It was the weirdest thing. When I would run the kernel on QEMU with 128MB of RAM, my kernel would page fault when trying to allocate memory for the stack space when starting a process. I was requesting a single page from the block allocator for the process's stack space. When I would increase the memory in the system to 512MB, no page fault. In the end, I convinced myself that it was down to the way the kernel was linked, that my calculations for the kernel size were failing somewhere, so I set off on my two year adventure to write a new linker map and kernel entry routine that would set up paging and the block allocator correctly.
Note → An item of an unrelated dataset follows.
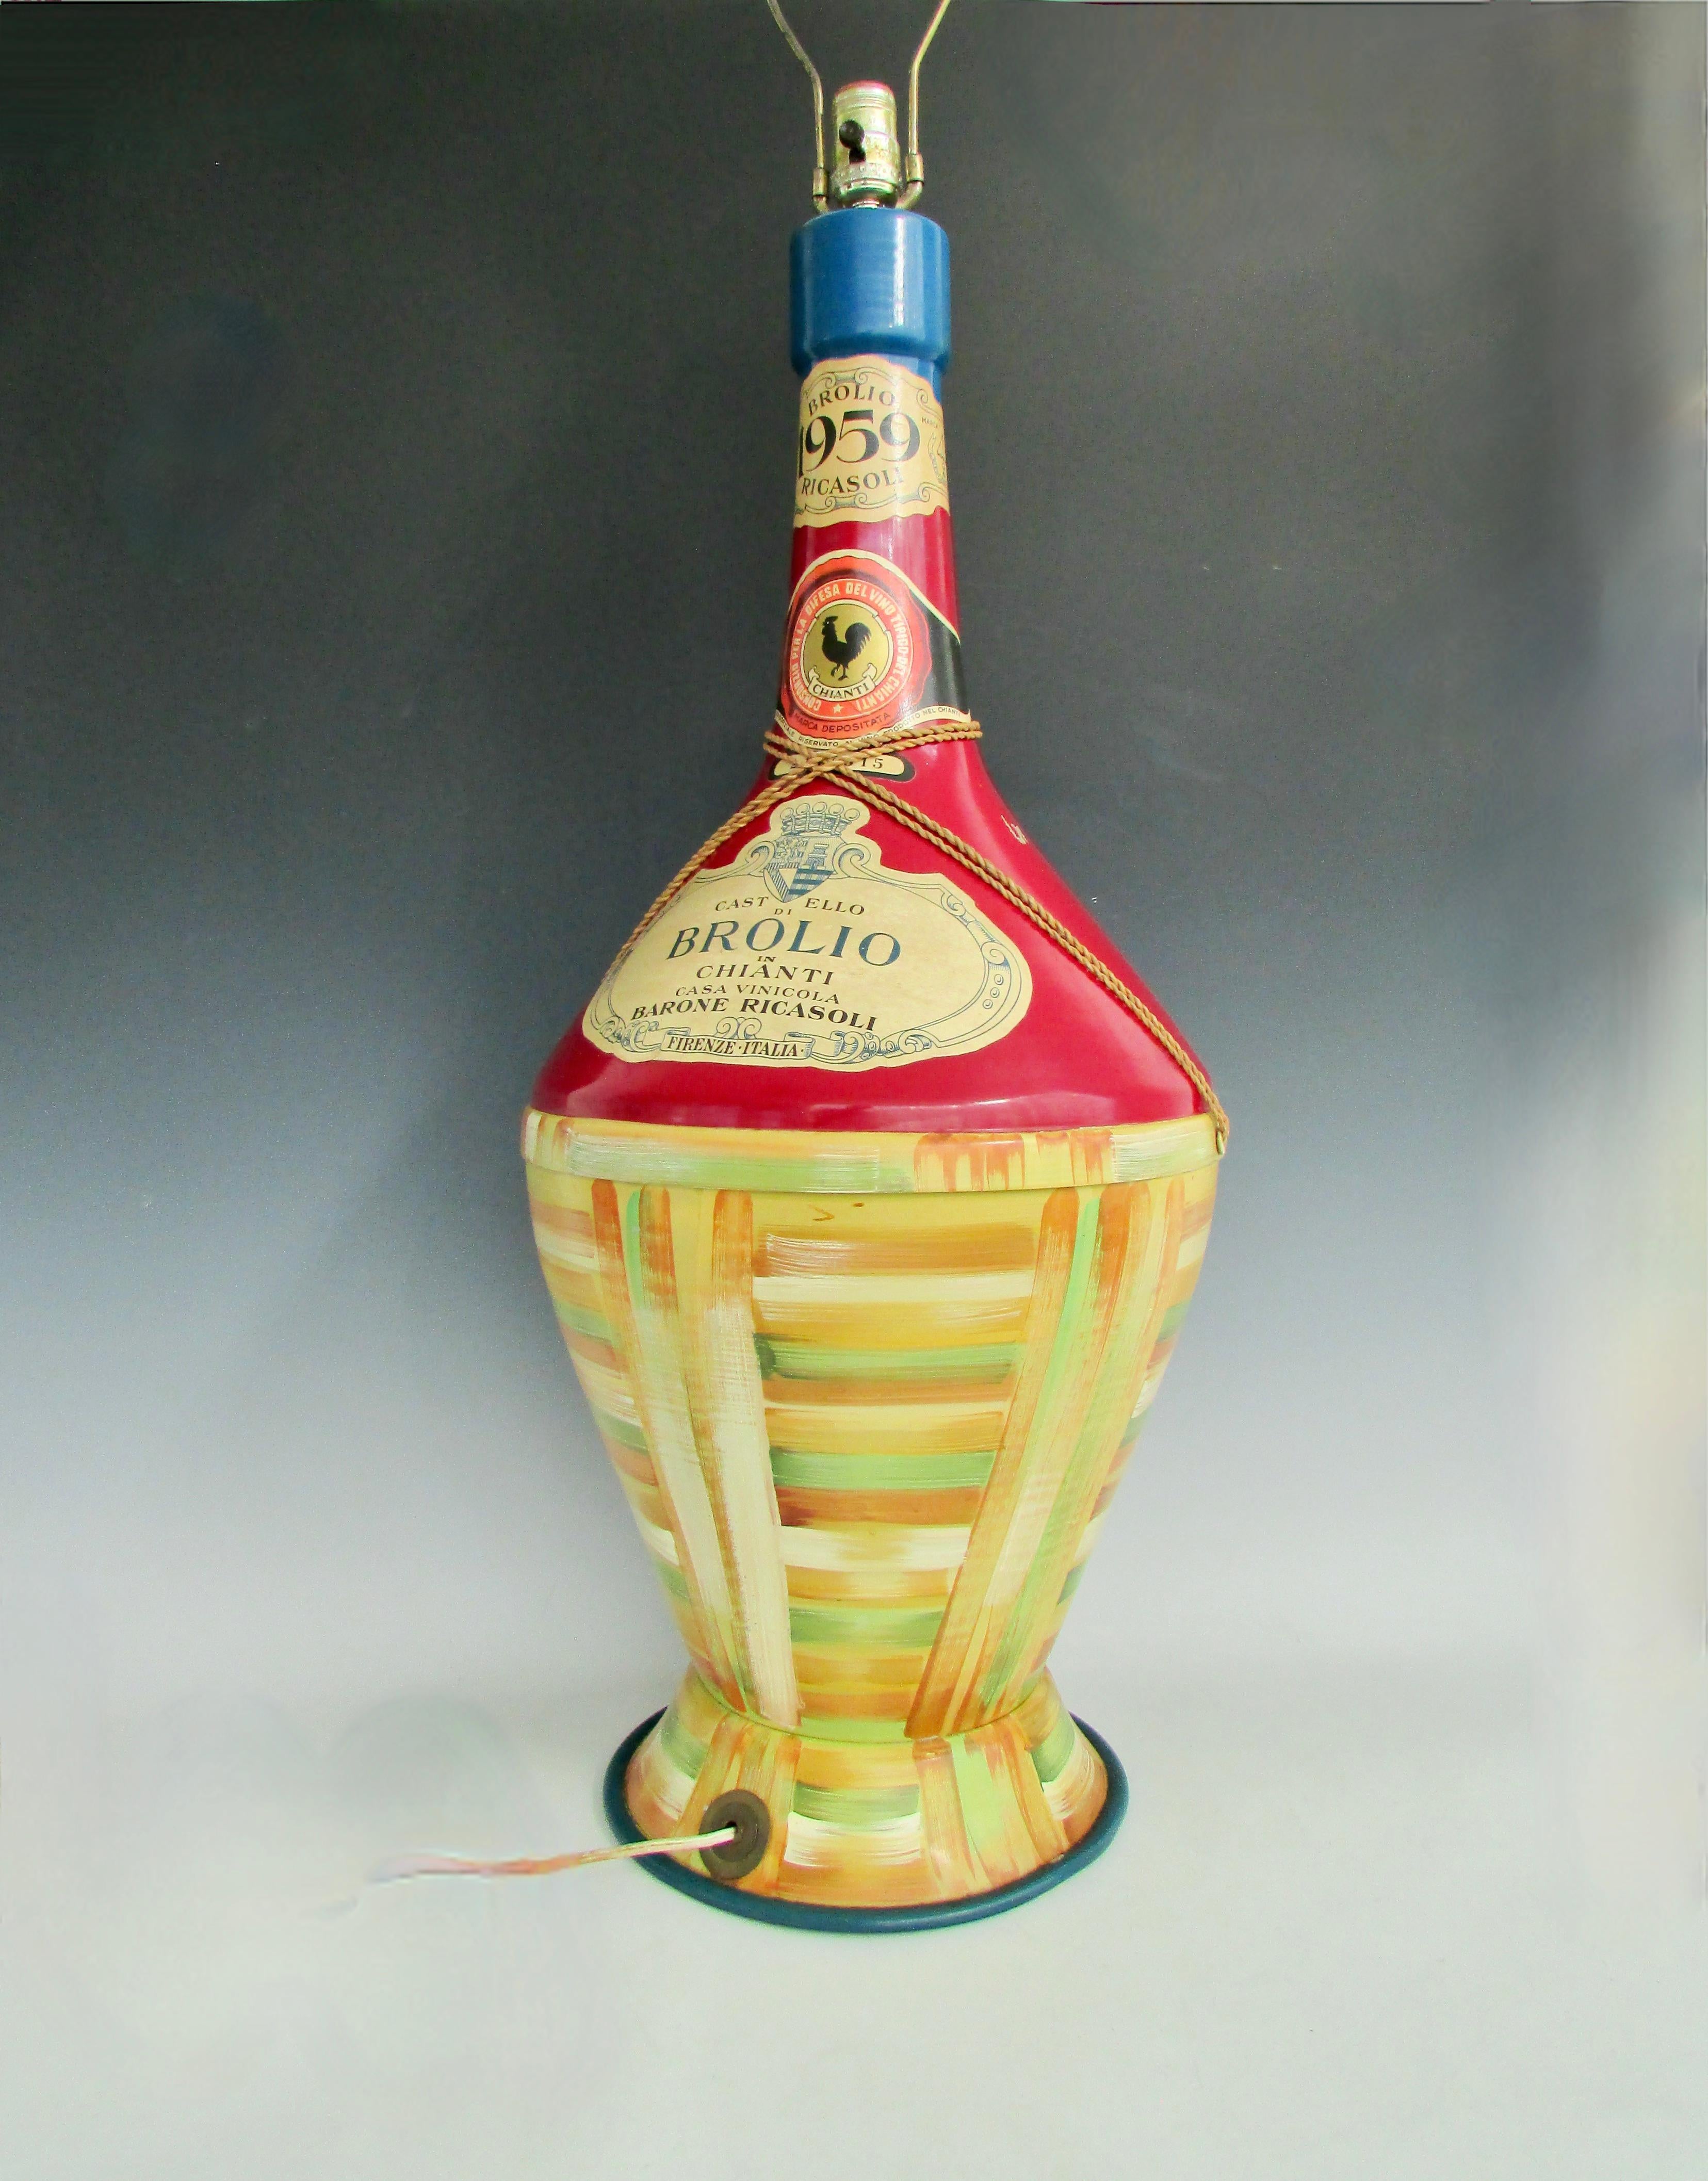 Large pressed steel wine chianti bottle table lamp. Hand painted design with printed paper labels. Not sure if this was a store promotional or folk / studio made. Interesting and nice decor for restaurant or home wine cave. Lamp body measures 32

When I started pulling pieces of code today, I decided to step through and see if I could take another crack at the page fault issue when I found this little gem:
Code: Select all
// block_alloc_first_free_n (): Locate the first free n blocks in the bitmap
// inputs: nunits - number of blocks to allocate, returns - 0 if no free blocks, nonzero otherwise
static unsigned int block_alloc_first_free_n (size_t nunits) {
if (nunits == 0)
return (unsigned int) NULL;
else if (nunits == 1)
return block_alloc_first_free ();
printf("got here... block_alloc_first_free_n\n");
for (size_t i = 0; i < bmp_sz; i++) {
printf("looping...\n");
if (m_bmp[i] != BLOCK_UNIT_FULL) {
printf("not full: %d\n",i);
for (size_t j = 0; j < BLOCKS_PER_UNIT; j++) {
printf("looping 2...\n");
int bit = 1 << j;
if (!(m_bmp[i] & bit)) {
printf("i: %d, j: %d\n", i, j);
printf("free: 0x%x\n", bit);
printf("free abs: 0x%x\n", (unsigned int)((i*BLOCKS_PER_UNIT)+j));
int startBit = (i*BLOCKS_PER_UNIT)+bit;
size_t free = 0;
for (size_t count = 0; count <= nunits; count++) {
printf("looping 3... testing 0x%x\n", (startBit+count));
if (memory_bitmap_test(startBit+count) == 0) {
printf("free++\n");
free++;
}
if (free == nunits) {
return (unsigned int)((i*BLOCKS_PER_UNIT)+j);
}
}
}
}
}
}
return 0;
}
So I think there are two important lessons out of this. The first is already stated very plainly on the wiki "How to ask questions" section. Don't assume that you know which section of your code is causing the problem. I spent MONTHS dumping page tables, examining memory, pounding my head trying to figure this out because I was looking in the wrong section (convinced it was in the setup routines, that the issue was coming from improper configuration when it was a simple logic error). The second is, sometimes when you are stuck, taking a break from what you are working on for a while (two stinking years in my case) can help you come at the problem with fresh eyes. Not sure if this post will help anyone, but I am excited to have found my issue after all this time.